Unlock the full potential of AI with Building LLMs for Production—our 470+ page guide to mastering LLMs with practical projects and expert insights!

# Generalized Linear Mixed Models in SAS

Last Updated on July 26, 2023 by Editorial Team

#### Author(s): Dr. Marc Jacobs

Originally published on Towards AI.

## Distributions, link functions, scales, overdispersion, and normality of residuals.

All statistical models have a systematic and a random part. In ANOVA and GLM models, the systematic part is the fixed effect and the random part is the error / unexplained variance. In mixed models, we have at least two random parts:

1. The variable intended to describe and use variance (e.g., block)
2. Error / unexplained variance

Our understanding of the world depends on the data that we collect and observe. This is why the design of our experiment is so important. Based on these observations, we build a statistical model which includes fixed and random parts. We build a model to describe/explain the world. We apply probability theory to the model to make inferences:

1. What is the chance that the model does not describe the world accurately?
2. What is the chance that what we have observed is due to chance? (which, of course, can never happen since chance by itself does not play a role)

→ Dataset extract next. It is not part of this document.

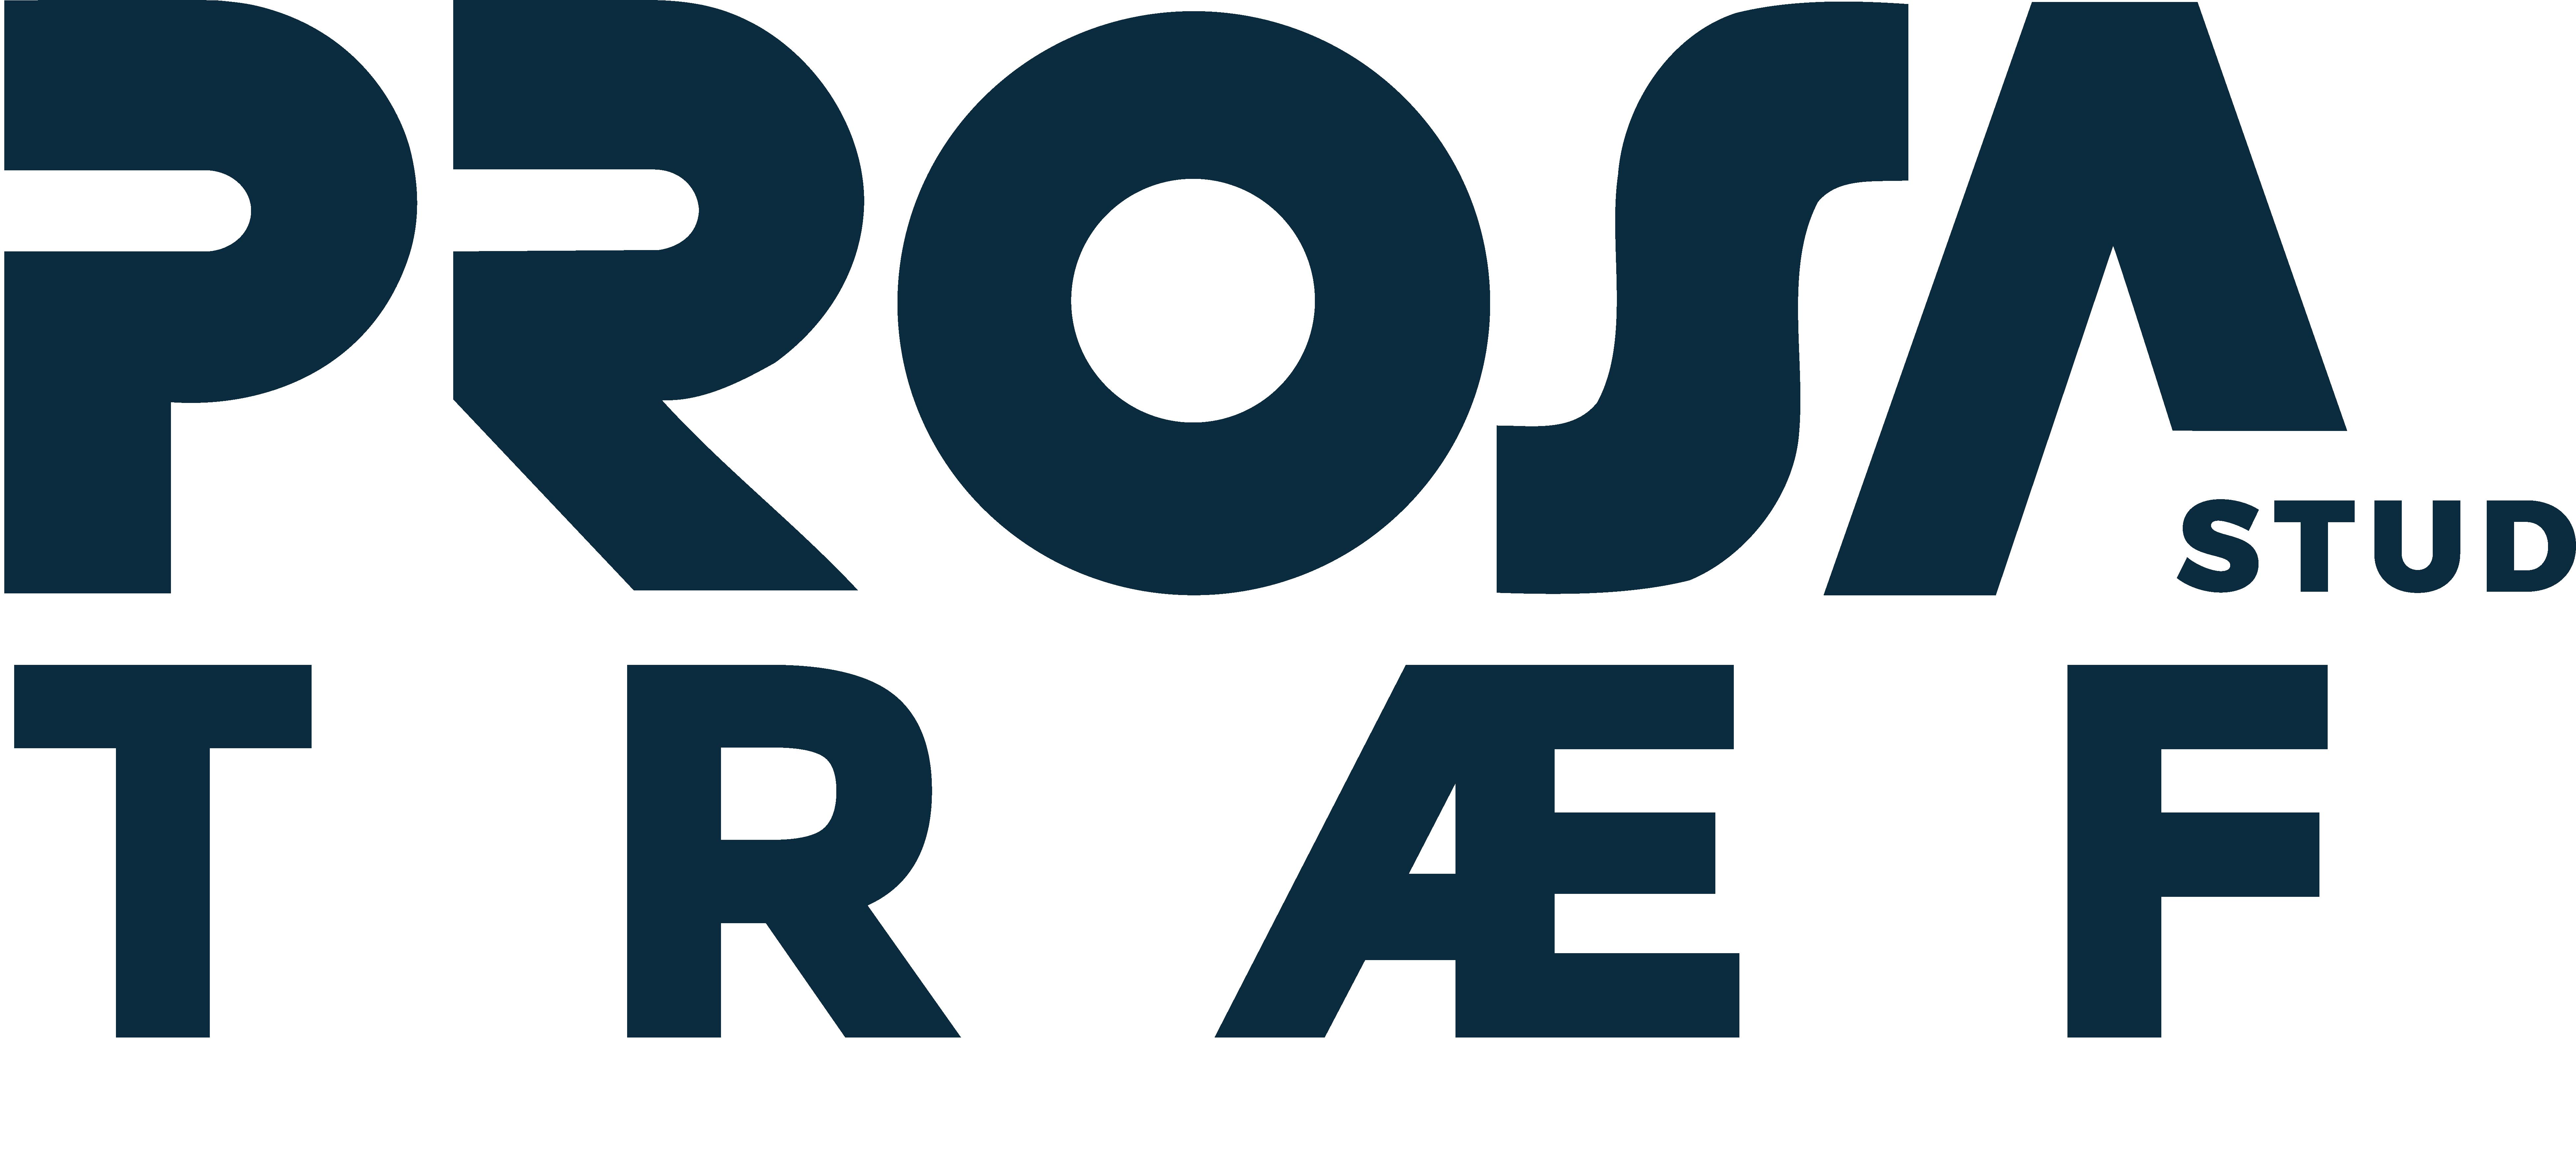 STUDtræf-logo
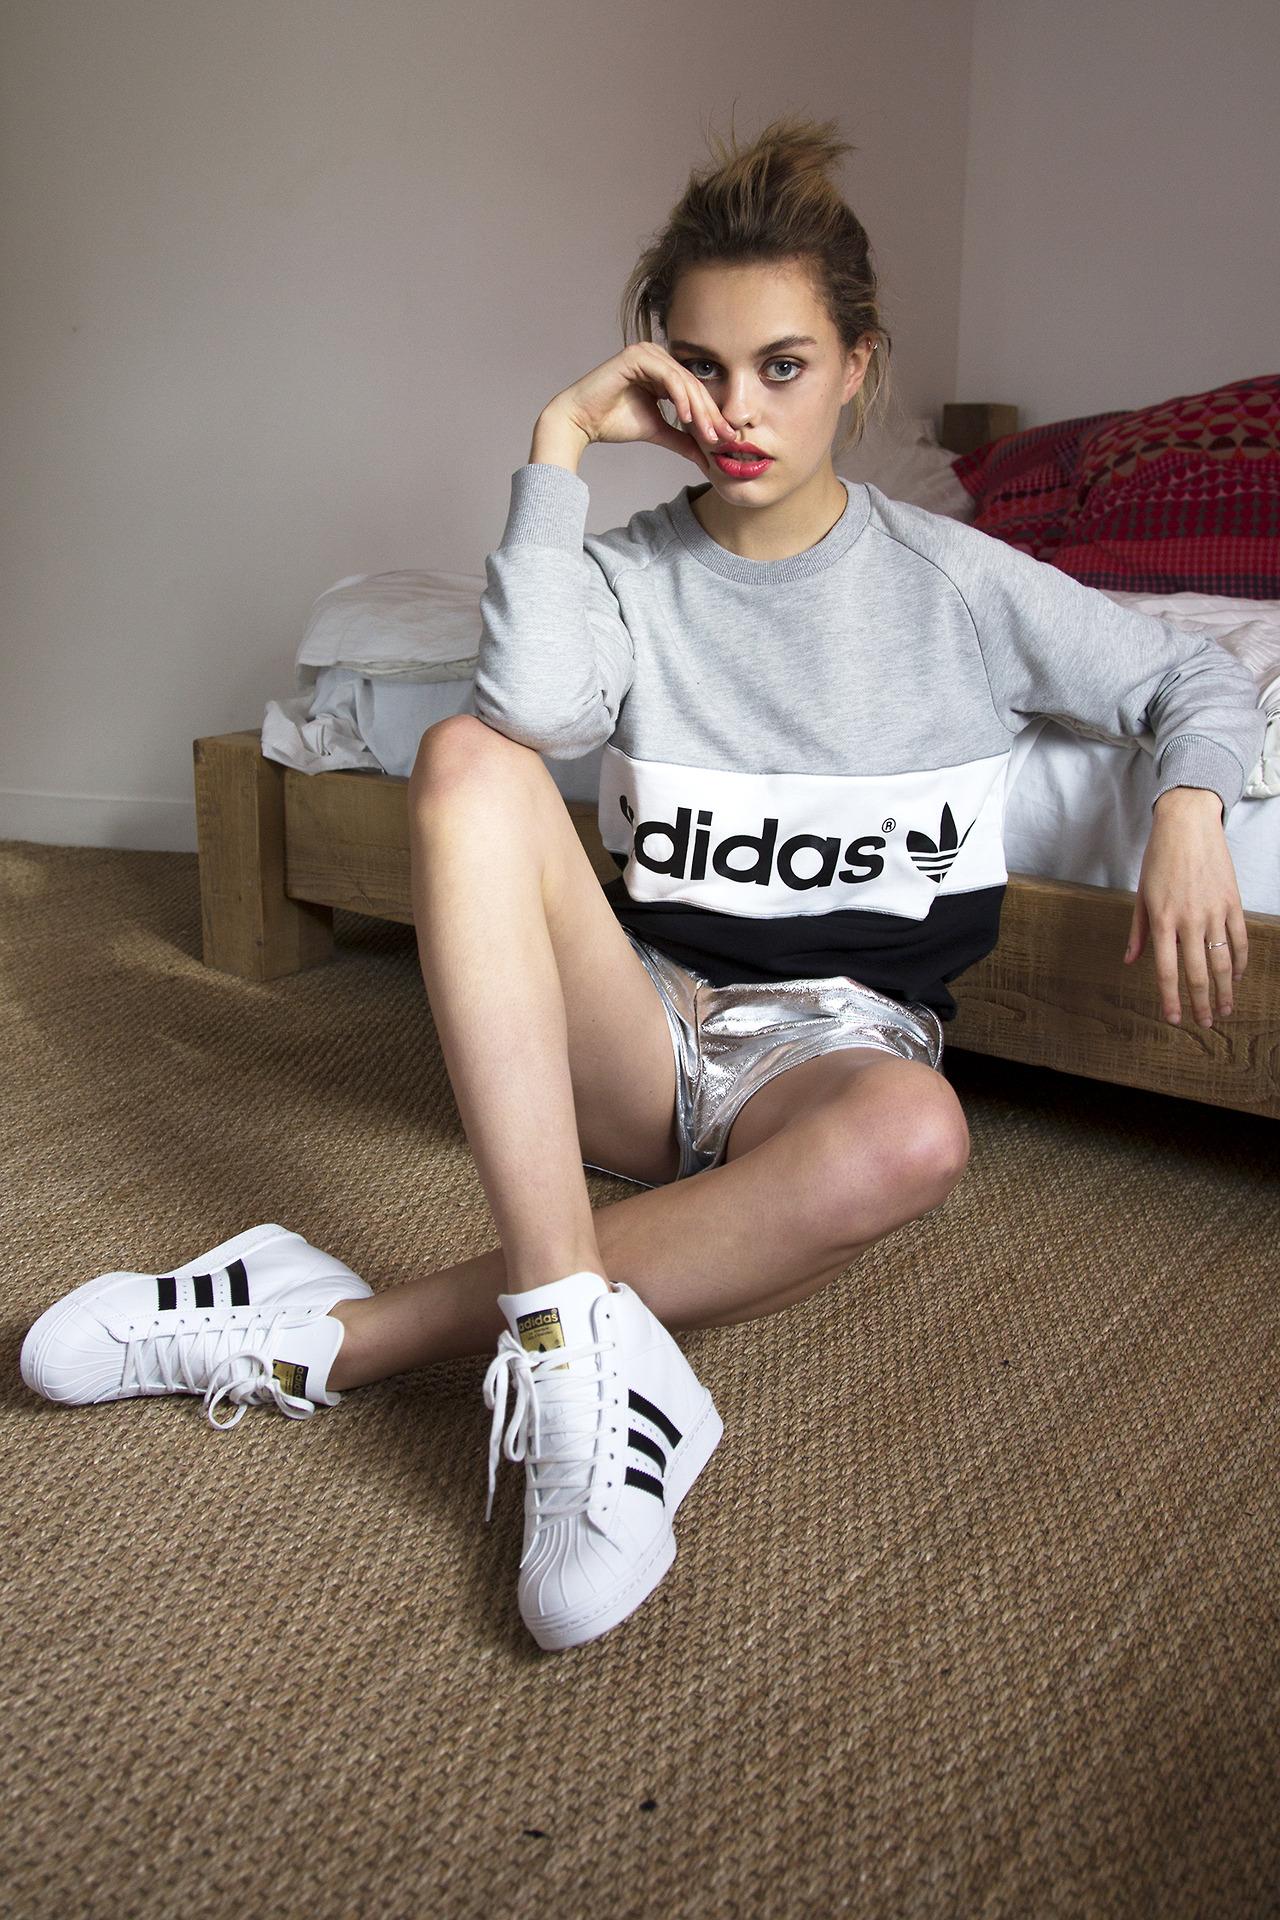 Adidas Superstar Up Høje Superstar Sneakers! Cool Sneakers

Linear Mixed Models (LMMs) can only analyze normally distributed data. In Generalized Linear Mixed Models (GLMMs), the response function (y) can come from different distributions. Whilst in LMMs we analyze the response directly, in GLMMs we need to apply a link function to transform the data IN the model

There are a lot of options available in SAS to do so.

Below, is an example of data that needs to be log-transformed (either raw or inside the model) to be able to analyze it.

On data that comes from a log-normal distribution, using the normal distribution on the raw data is just plain wrong.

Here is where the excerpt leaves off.